5 Things I Learned from Studying Abroad In London
Categories: For Students, For College Students
This summer I did a short-term study abroad program in London, England. Like many students, before studying abroad I tried to prepare myself to make the absolute most of my trip. Here are 5 lessons I learned the hard way, so you don’t have to.
Lesson #1: Skip Out on the Souvenirs
Key chains, mugs, t-shirts with the place you traveled to can all be bought online as soon as you come back. When in doubt, don’t overdo it on the commercialized material items. The items I’m glad I purchased were unique to the places I visited.

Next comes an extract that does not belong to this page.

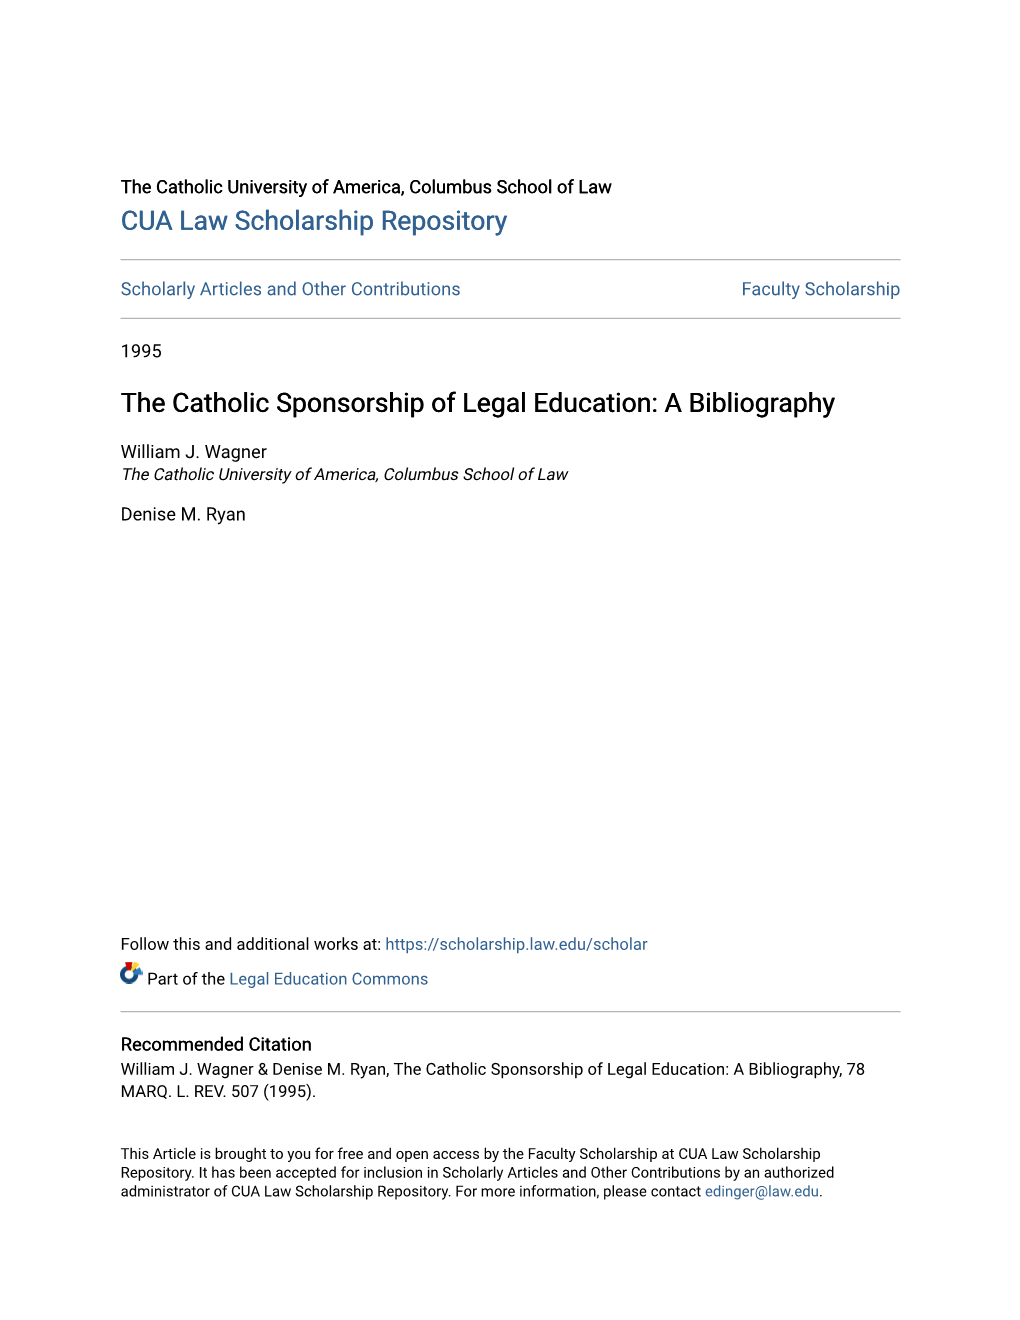 The Catholic Sponsorship of Legal Education: a Bibliography

Handmade jewelry or some kind of artwork served as much better memory and more one-of-a-kind than 20 t-shirts and hats that said London. By avoiding these kinds of souvenirs I was able to avoid buyer’s remorse and save an extra $100 for an overweight suitcase, so it’s a win-win situation.
Lesson #2: Take Tours, But Choose Wisely
I found that taking a tour of overly touristy areas that I was already familiar with within the city was not worth my money or time. I could have explored those places on my own and a tour guide did not impact my experience.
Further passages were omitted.